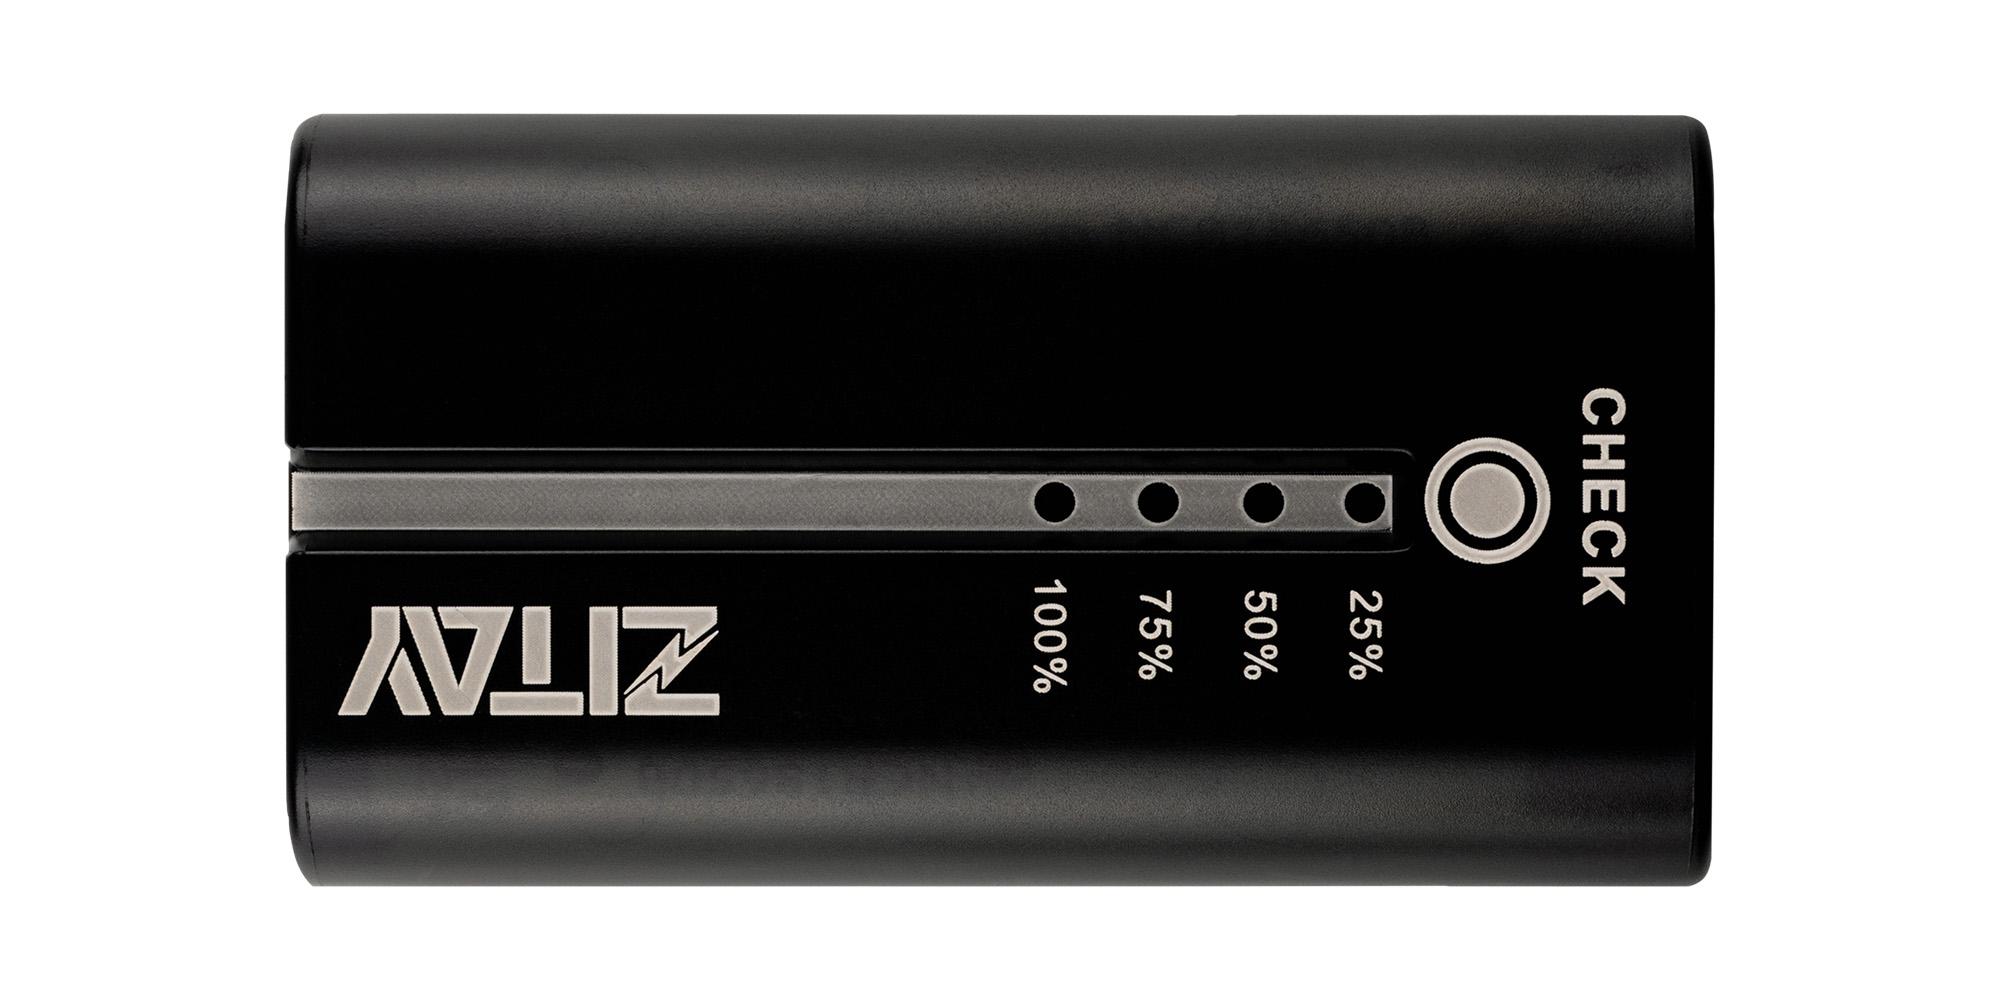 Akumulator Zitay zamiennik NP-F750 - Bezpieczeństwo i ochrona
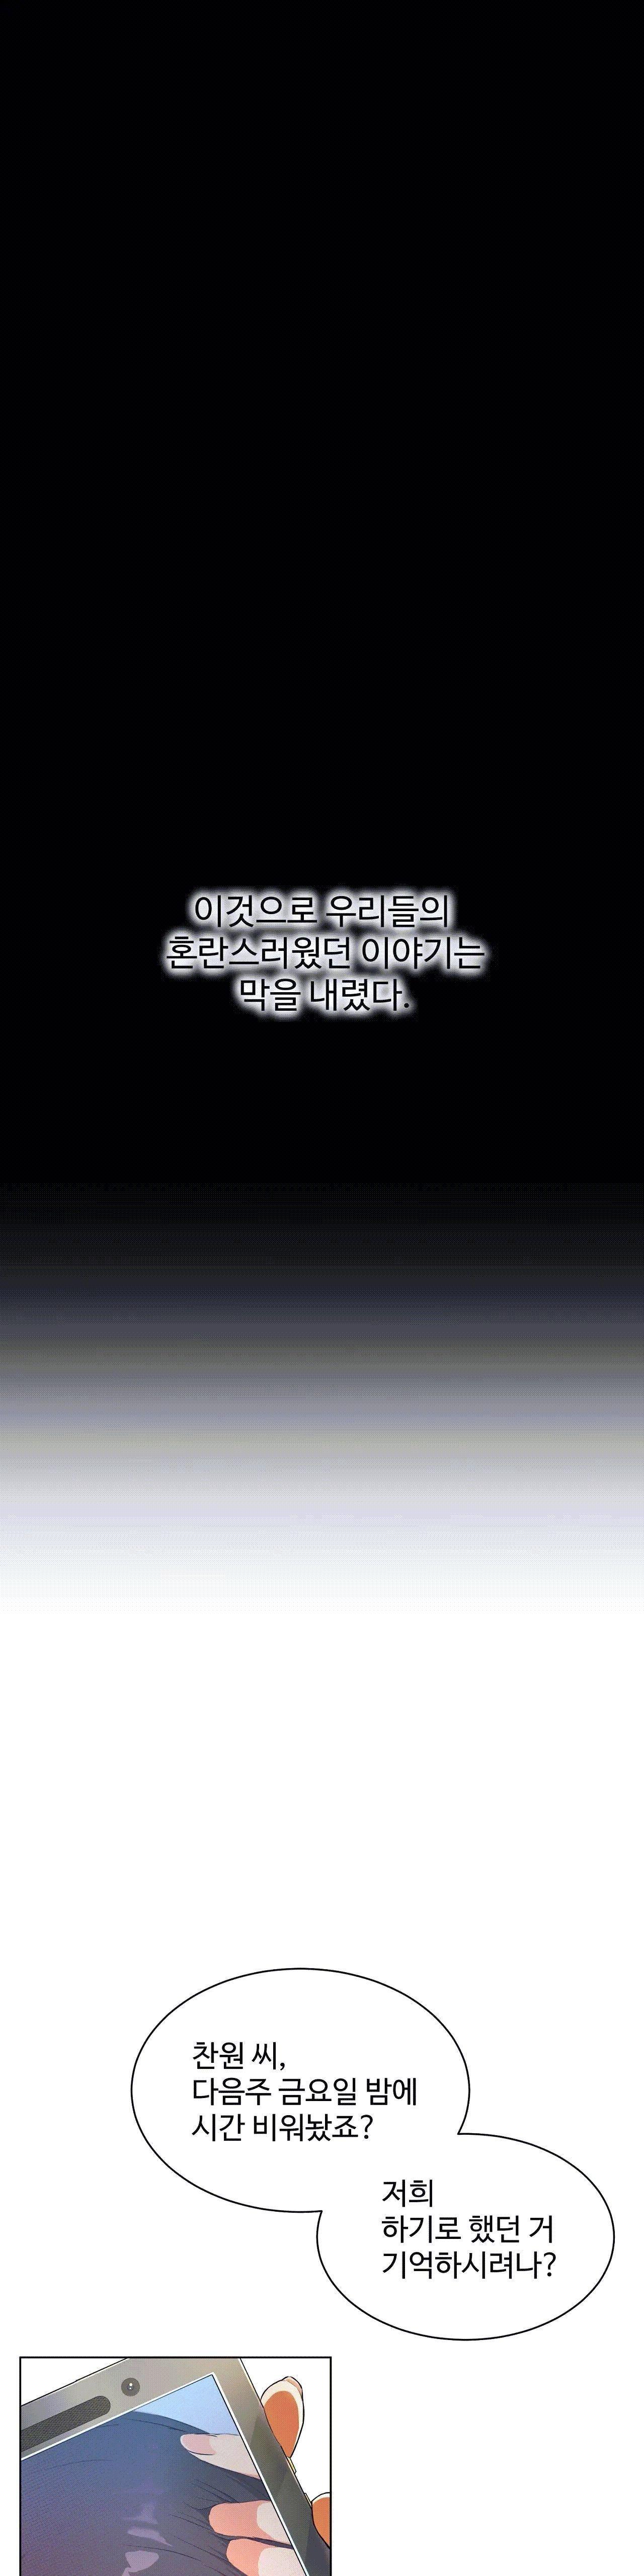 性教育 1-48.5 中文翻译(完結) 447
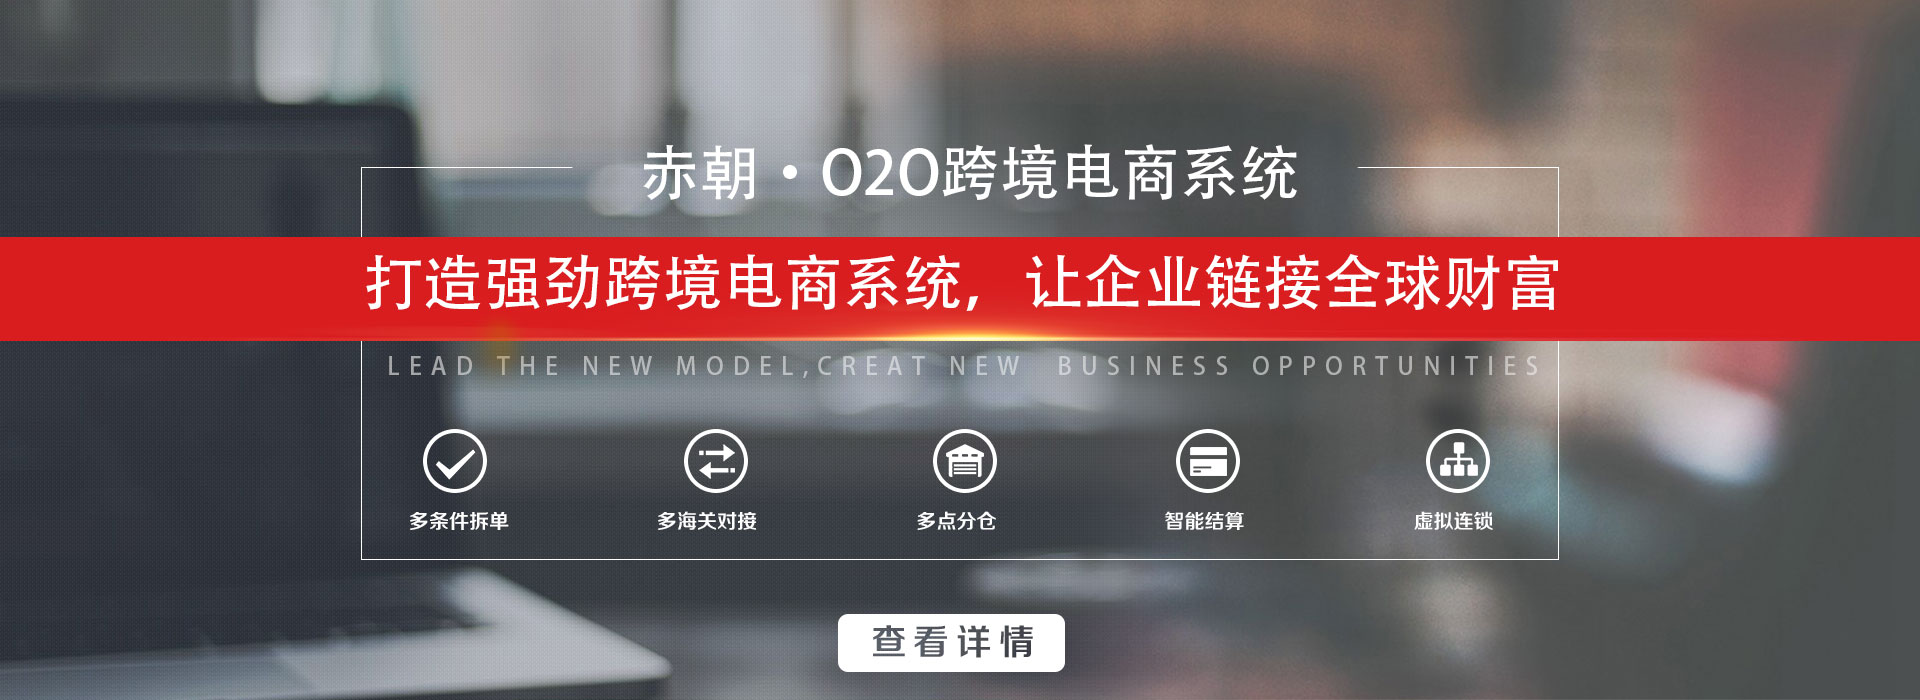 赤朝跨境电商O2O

______

Problem details> What is needed is the whole listing again, set down exactly, without its pictures.

Answer section>
 Akumulator Zitay zamiennik NP-F750 - Bezpieczeństwo i ochrona
 性教育 1-48.5 中文翻译(完結) 447
 赤朝跨境电商O2O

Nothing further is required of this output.